The reason we know that the word of God is in the heart is that the Hebrew word “I have treasured” (tsaphan), in its 30-some uses in the Old Testament, almost always means “hide” or “store.” It only secondarily comes to mean “to treasure” since hiding was what you did with your treasures in the days before there were banks (see Job 23:12; Proverbs 2:1). So we know that when the psalmist says, “Thy word I have treasured in my heart,” he does not just mean that the act of valuing happens in his heart, but that the word is being hidden and stored up there as something valuable—like a treasure.
So the teaching in this verse is that one way to keep from sinning—one way to attain the ultimate reason for being, to live for the glory of God by enjoying him forever—is to store up the word of God in our hearts as something very precious. When we have the word of God stored or hidden in our hearts, and treasure it like gold and silver, that word will function to keep us from sin.
Two Things that Keep us from Sinning
It’s not just one thing, but two things that keep us from sinning and move us to glorify and enjoy God. It is not just having the word stored. Nor is it is just valuing the word. It is both. Both are crucial. We value the word and therefore we have it stored in our hearts. And the two together give us the power to stand against the temptations to sin. It is a (1) superior treasure, (2) present and active, that conquers sin.

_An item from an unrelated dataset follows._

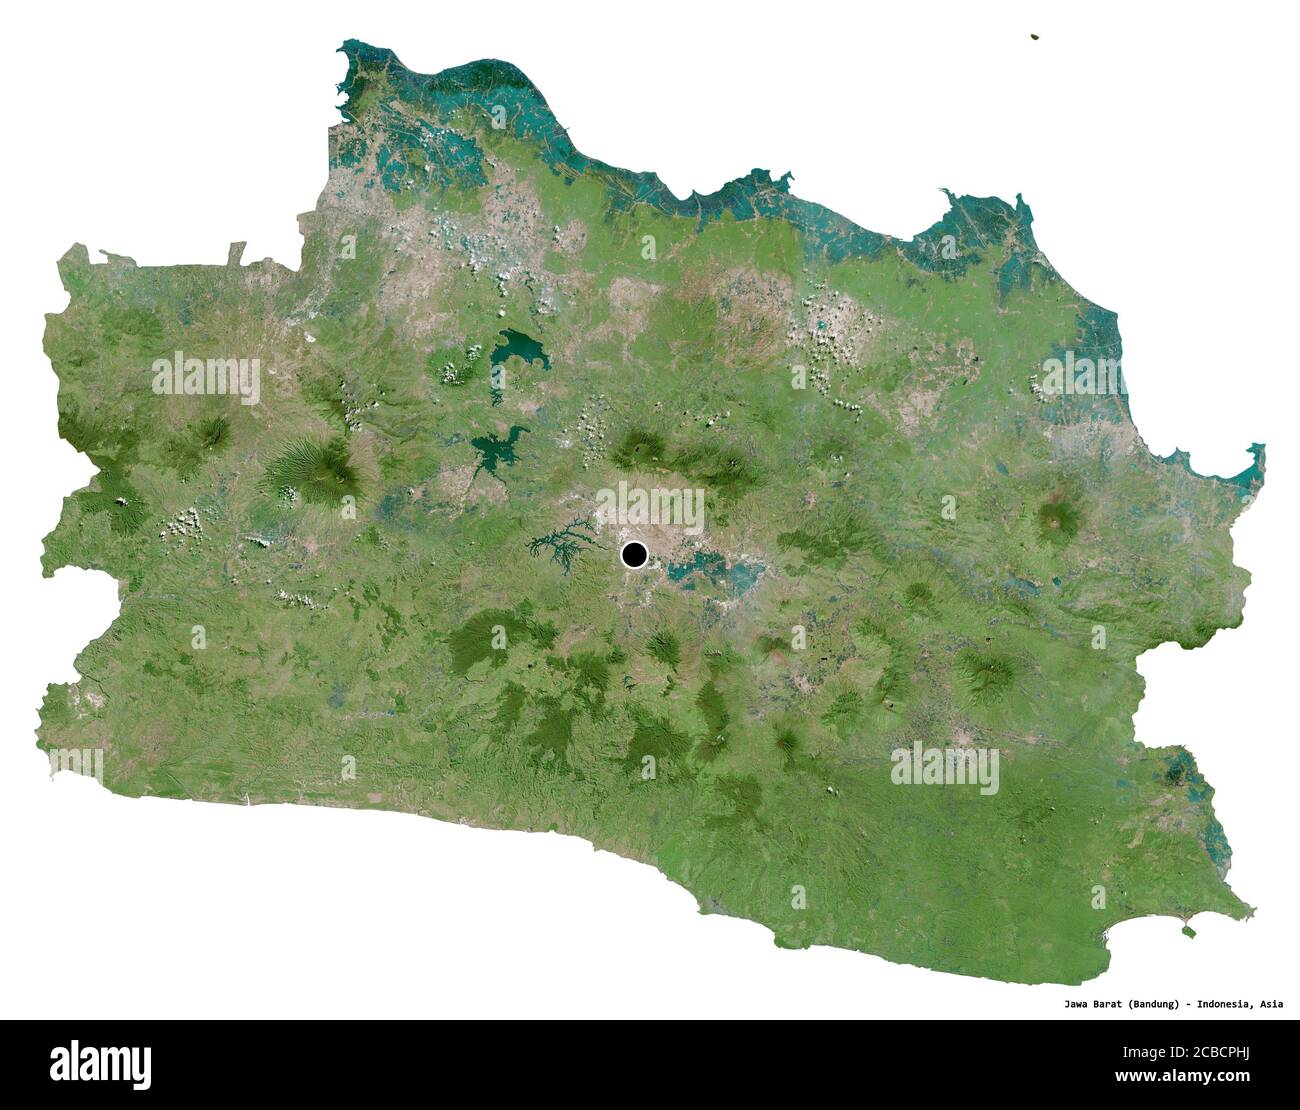 Shape of Jawa Barat, province of Indonesia, with its capital isolated on white background. Satellite imagery. 3D rendering Stock Photo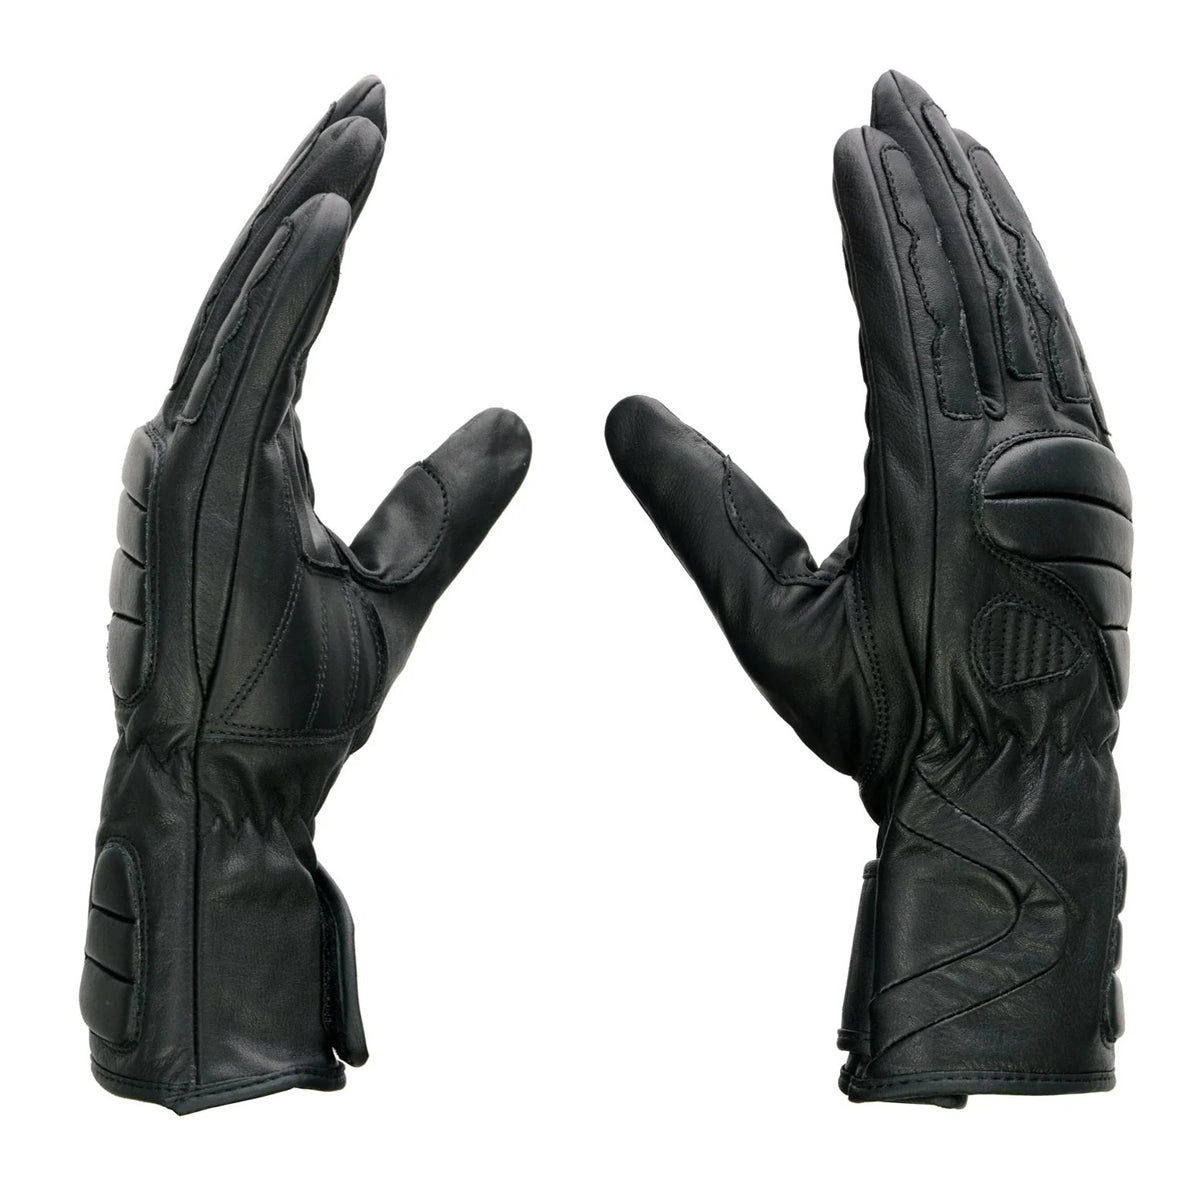 Men's Black Leather Gauntlet Racing Motorcycle Hand Gloves with Wrist and Knuckle Padding Protection

So I believe that the Bible teaches us to memorize scripture the way an ant gathers food in summer: because it is so valuable and will be needed in the winter months. “[The ant] prepares her food in the summer, and gathers her provision in the harvest” (Proverbs 6:8). Memorizing scripture is not a discipline for its own sake. It is because the scriptures are a treasure and will be needed before the day is done to help you escape a sinful attitude and live a life that glorifies God.